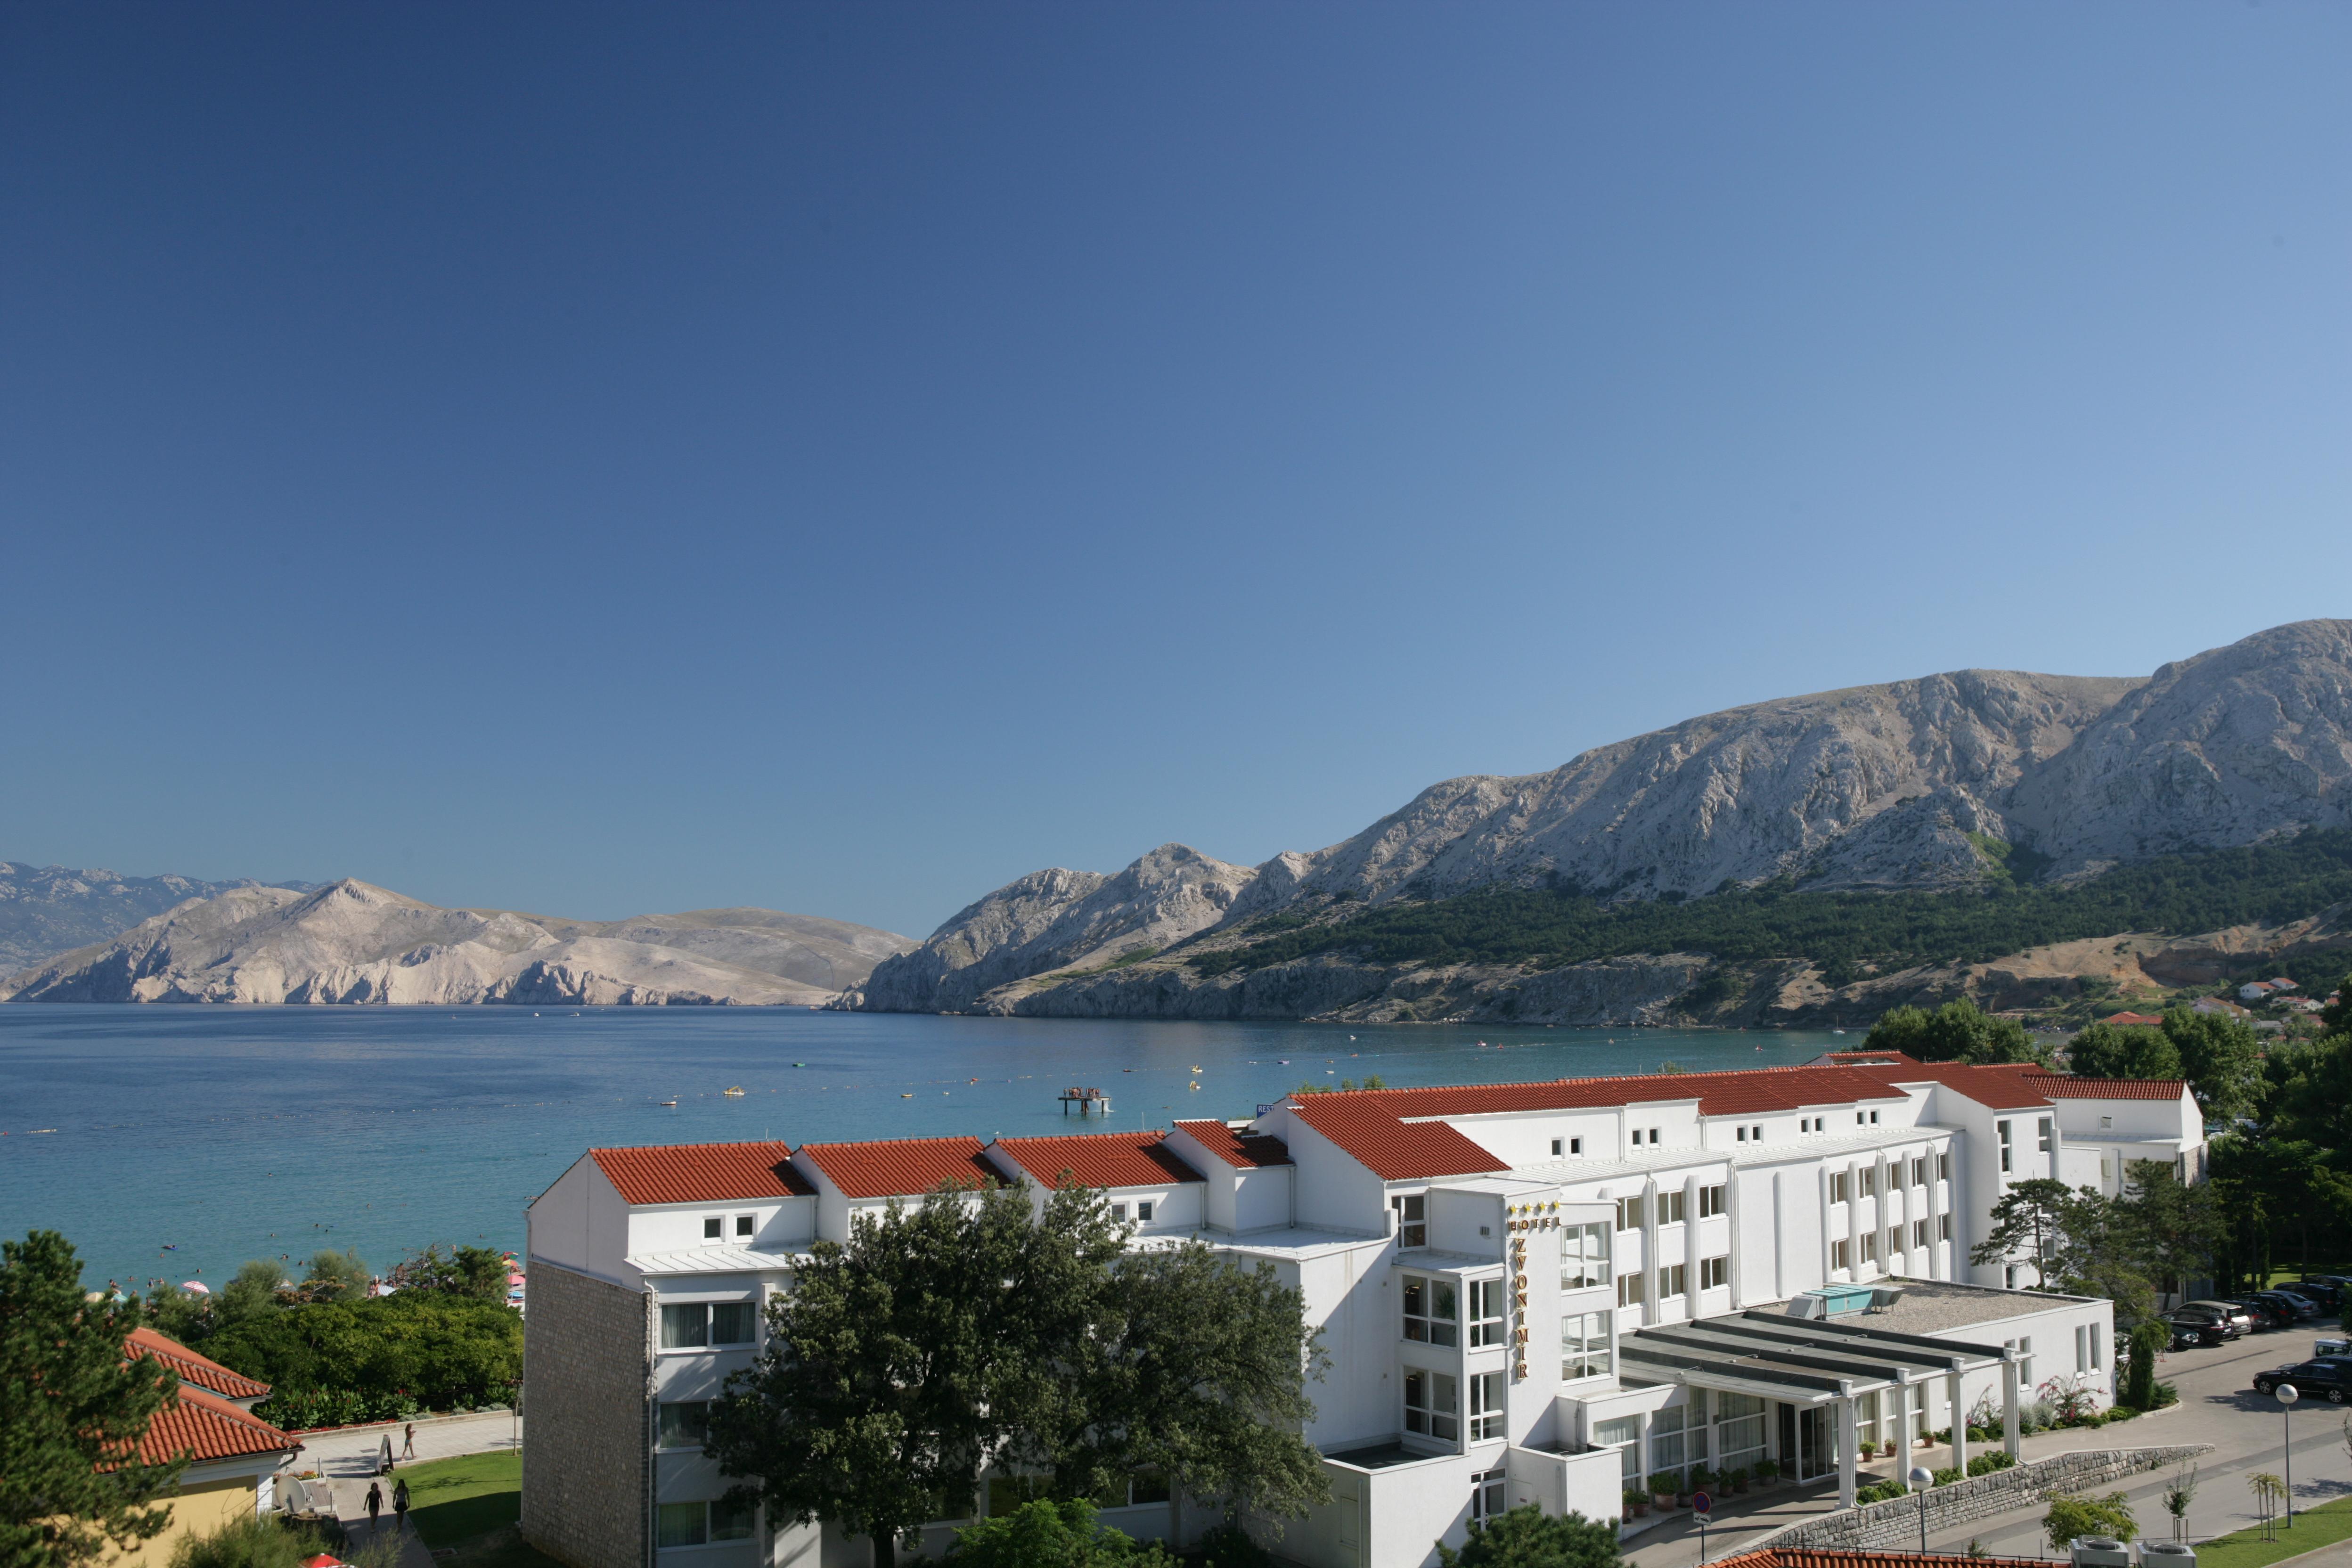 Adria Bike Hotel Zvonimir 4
---
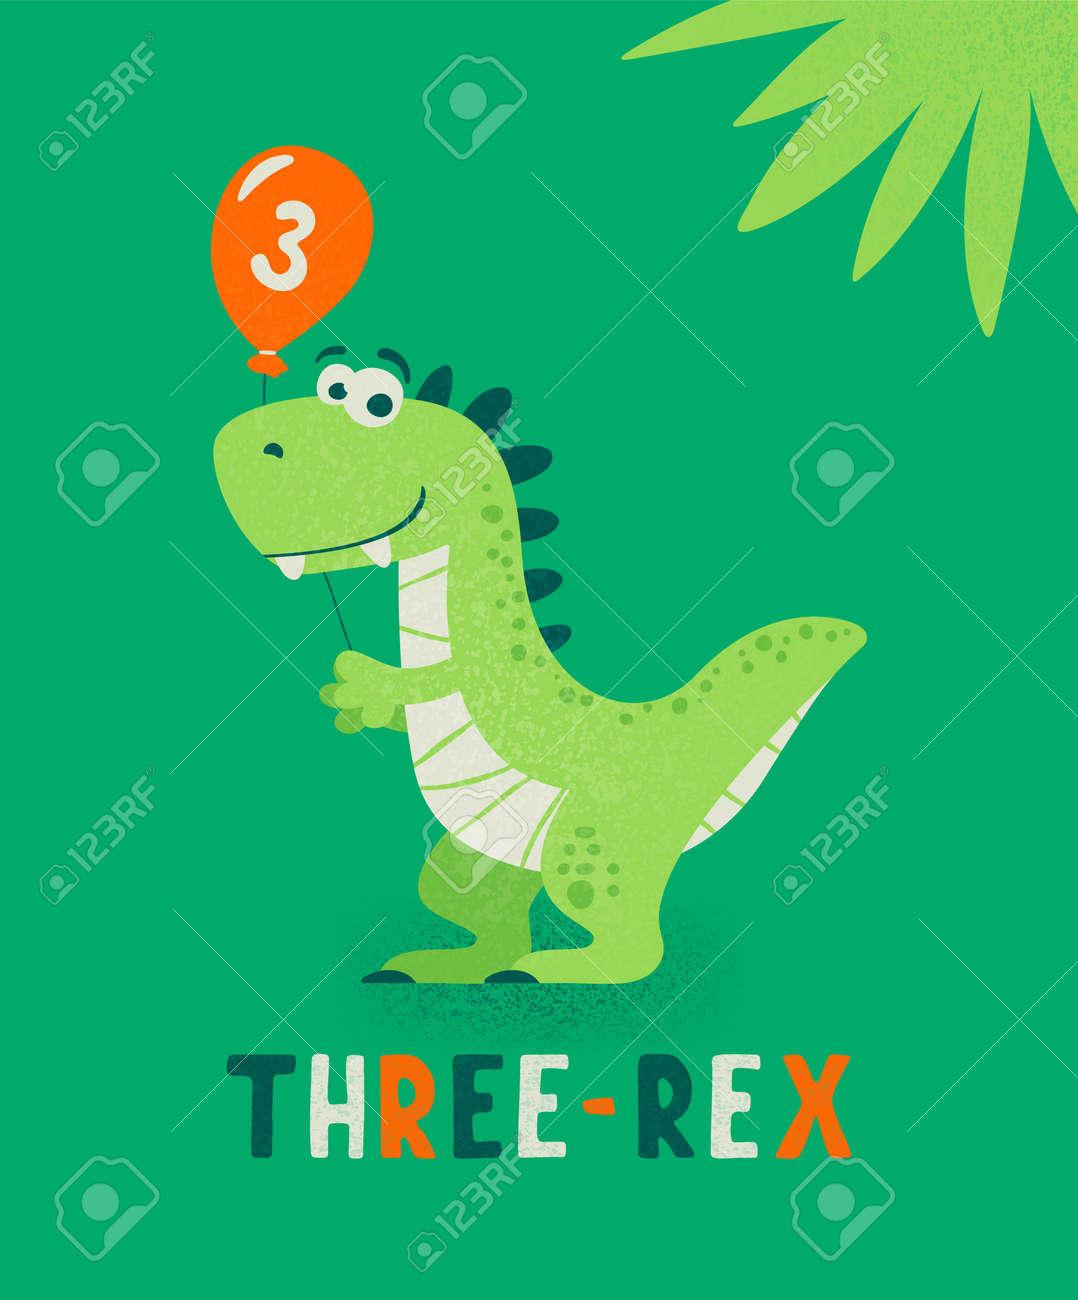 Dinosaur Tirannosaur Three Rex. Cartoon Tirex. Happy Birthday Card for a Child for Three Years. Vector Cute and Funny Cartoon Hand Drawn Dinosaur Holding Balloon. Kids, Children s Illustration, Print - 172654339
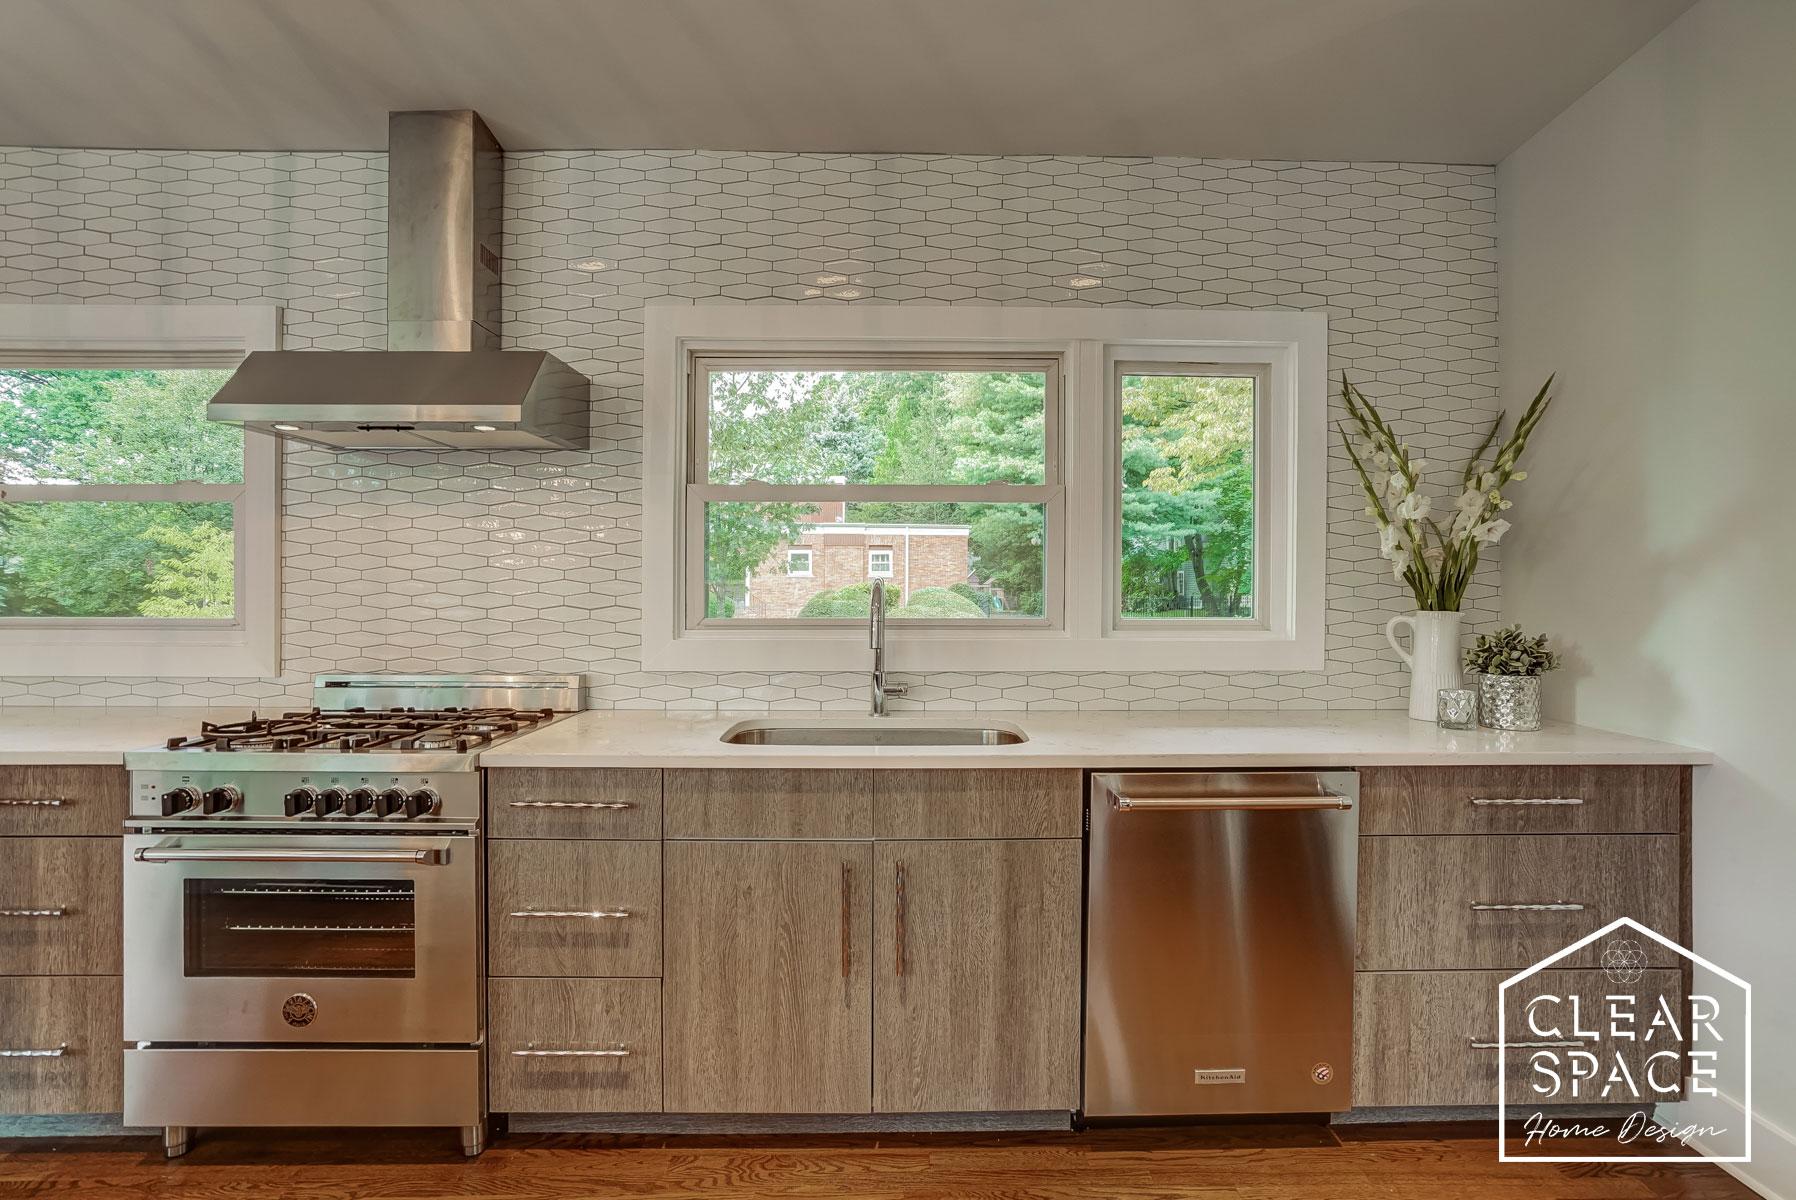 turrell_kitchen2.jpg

◆ Problem description ◆
"Dinosaur Tirannosaur Three" marks the first line to copy, and "turrell_kitchen2.jpg" marks the last. Repeat that stretch above exactly, with no pictures.

◆ Output for this task ◆
 Dinosaur Tirannosaur Three Rex. Cartoon Tirex. Happy Birthday Card for a Child for Three Years. Vector Cute and Funny Cartoon Hand Drawn Dinosaur Holding Balloon. Kids, Children s Illustration, Print - 172654339
 turrell_kitchen2.jpg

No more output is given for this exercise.